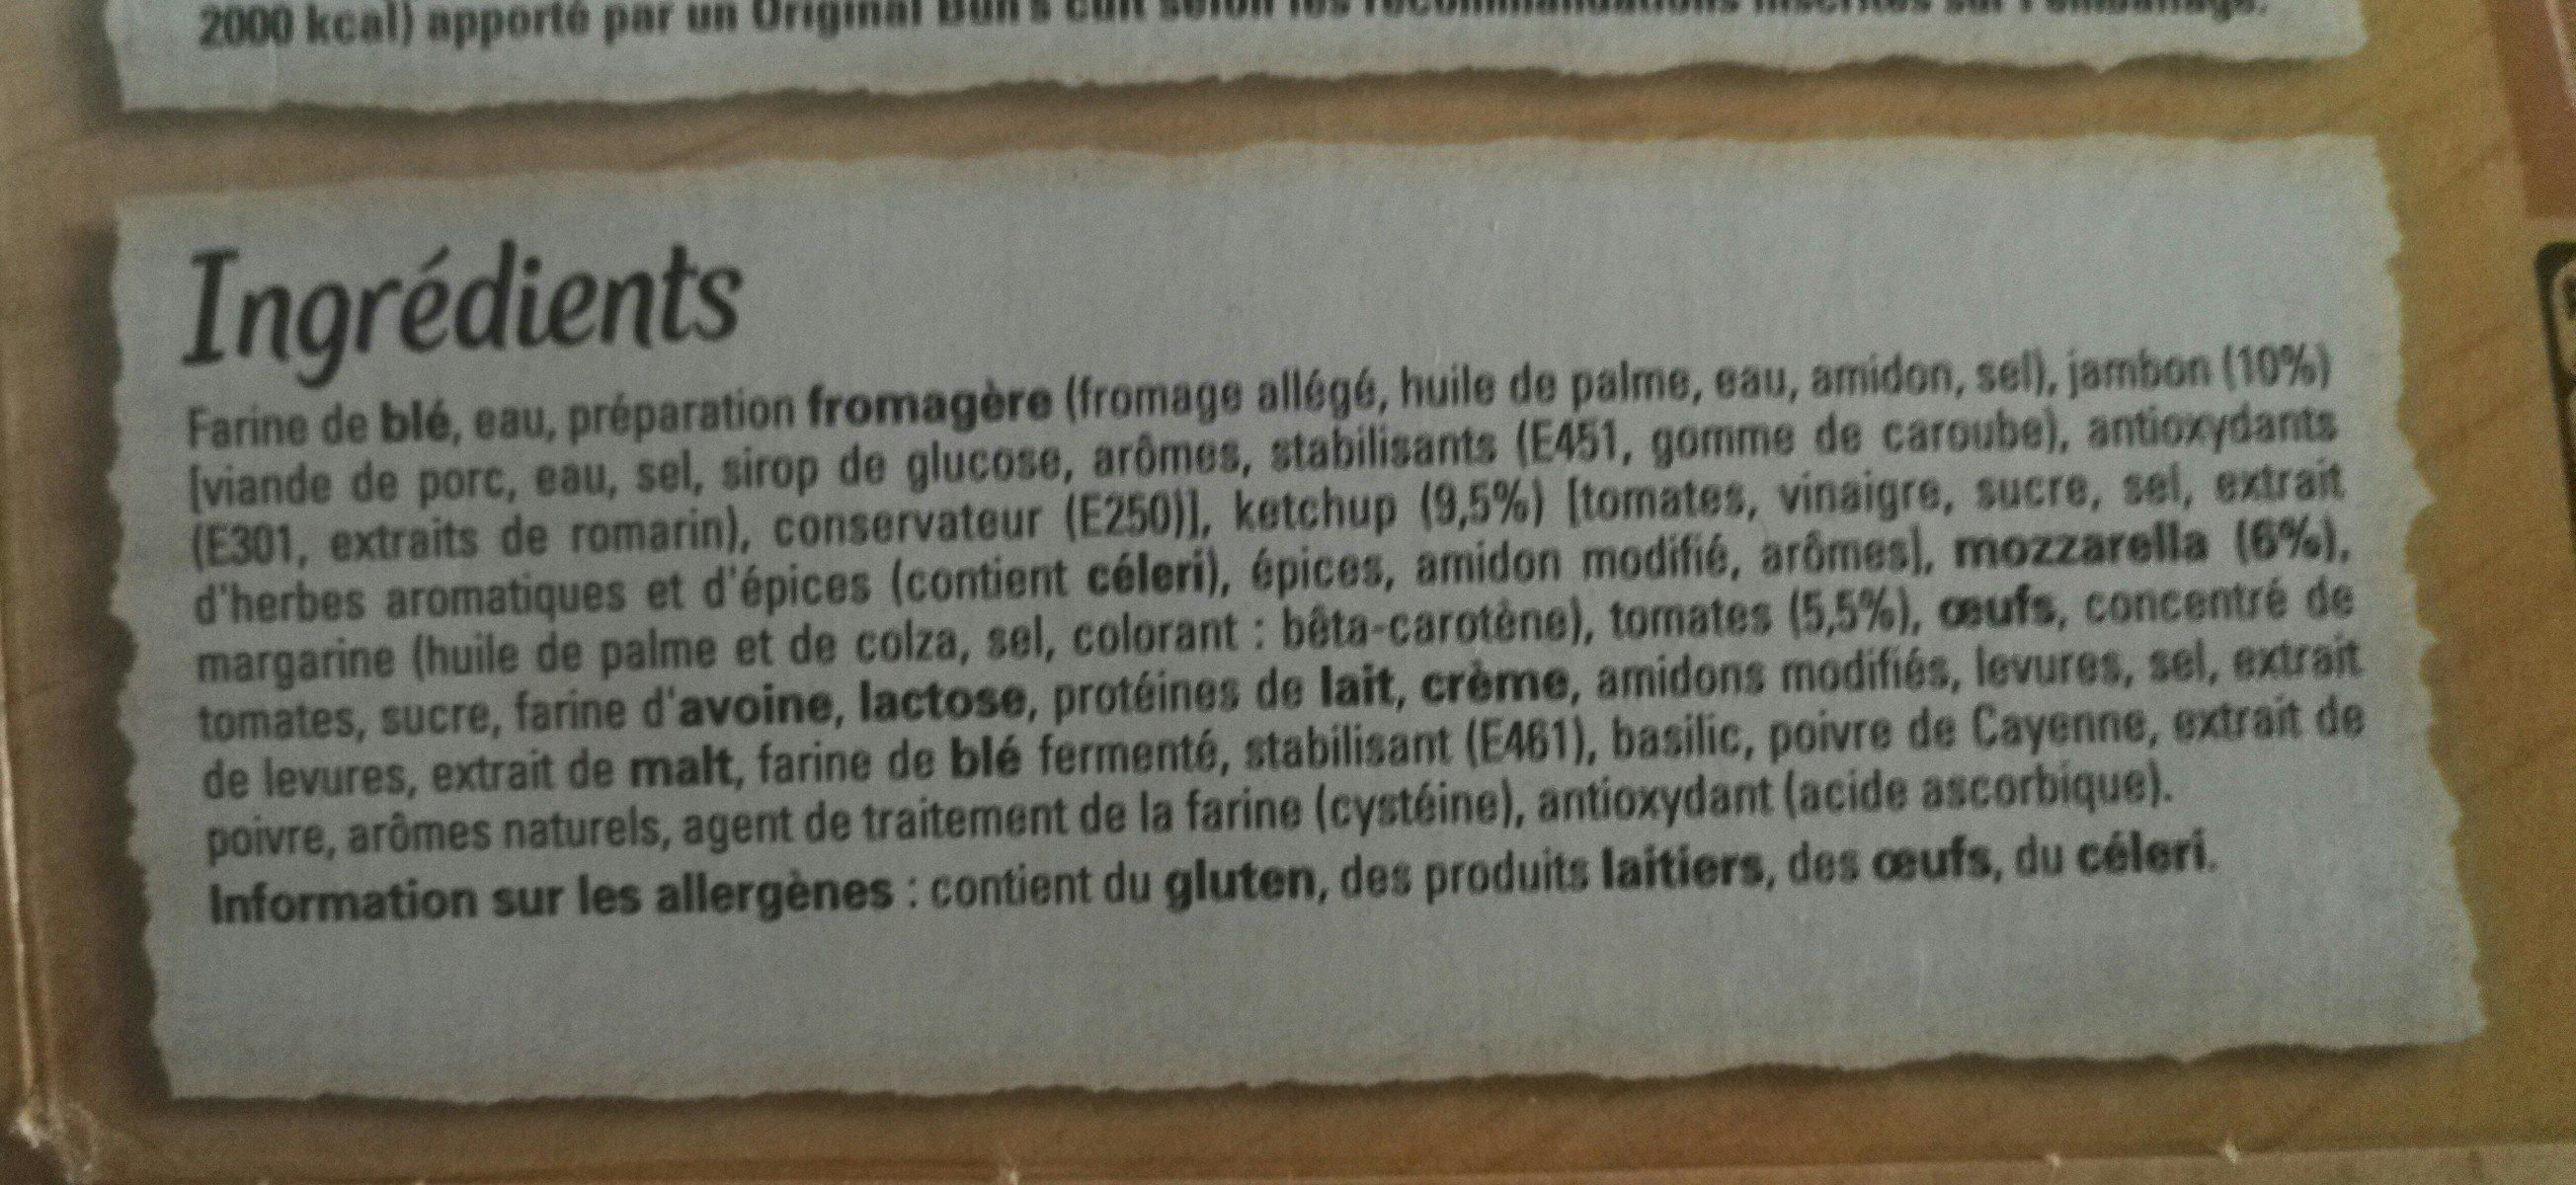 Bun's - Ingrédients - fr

────────────────────────────────────────

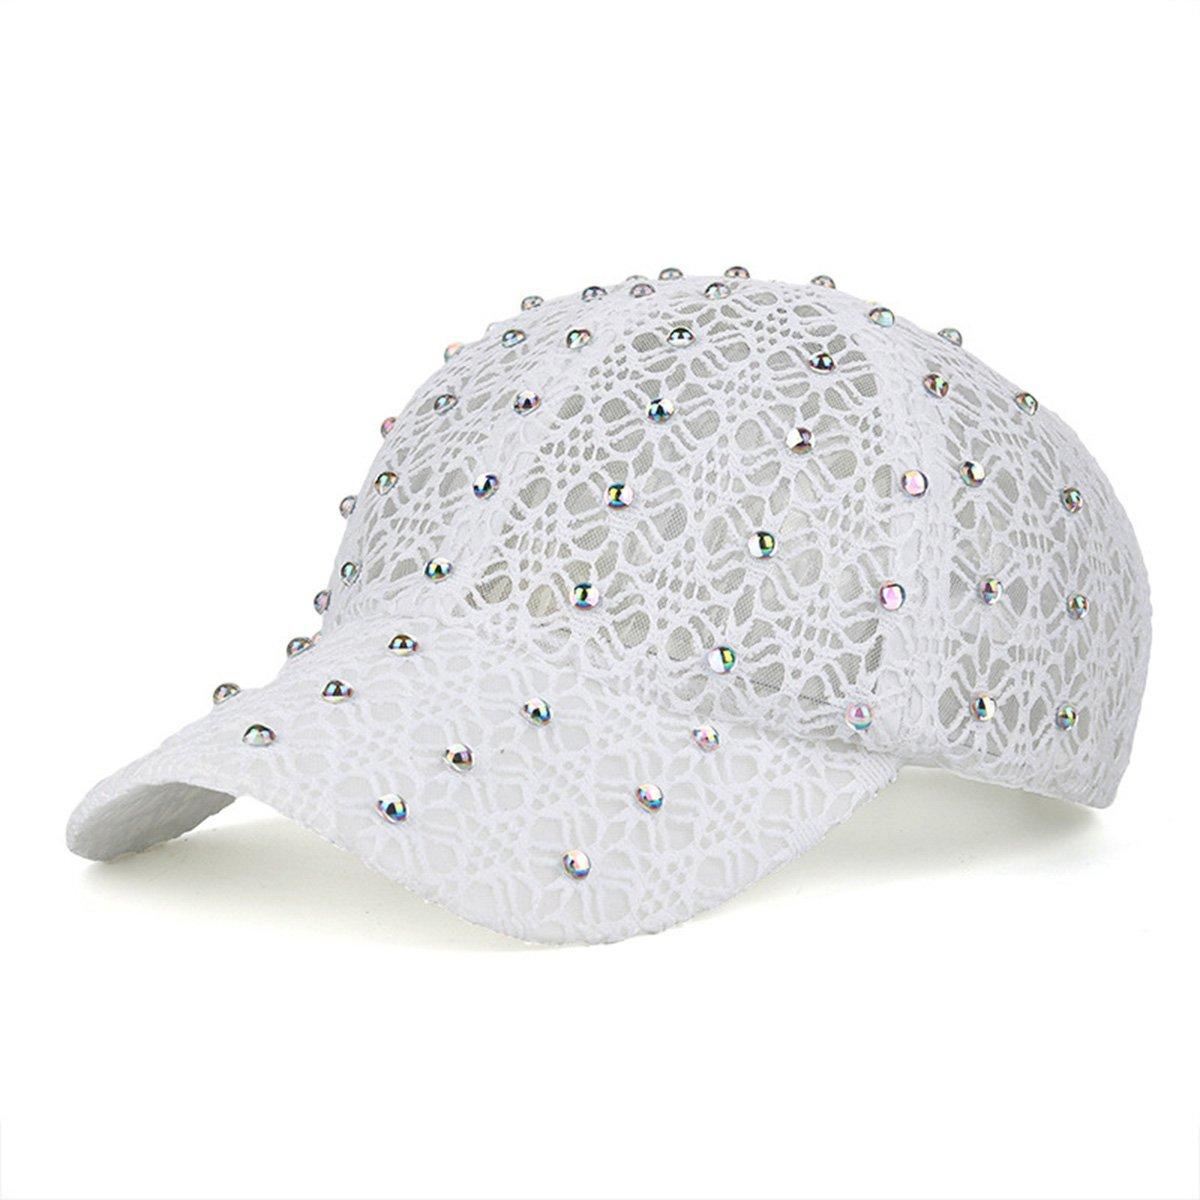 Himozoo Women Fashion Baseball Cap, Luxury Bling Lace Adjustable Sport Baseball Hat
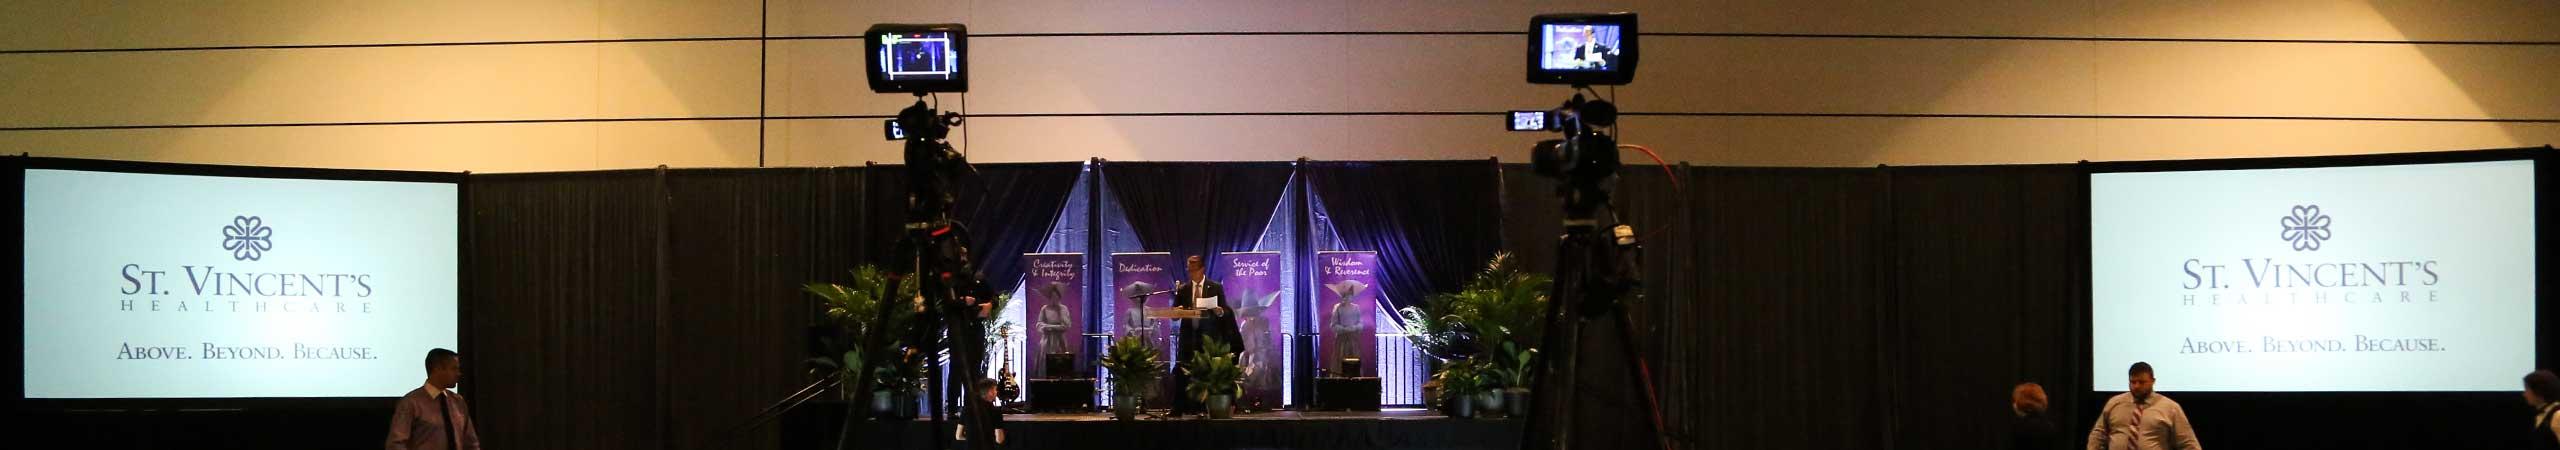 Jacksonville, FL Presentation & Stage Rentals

────────────────────────────────────────

▸ **TASK OBJECTIVE**: What is wanted is an exact copy of the lines above from the one containing "Himozoo Women Fashion" through the one containing "Jacksonville, FL Presentation", with no pictures in it.

▸ **ANSWER TO THIS EXERCISE**:
 Himozoo Women Fashion Baseball Cap, Luxury Bling Lace Adjustable Sport Baseball Hat
 Jacksonville, FL Presentation & Stage Rentals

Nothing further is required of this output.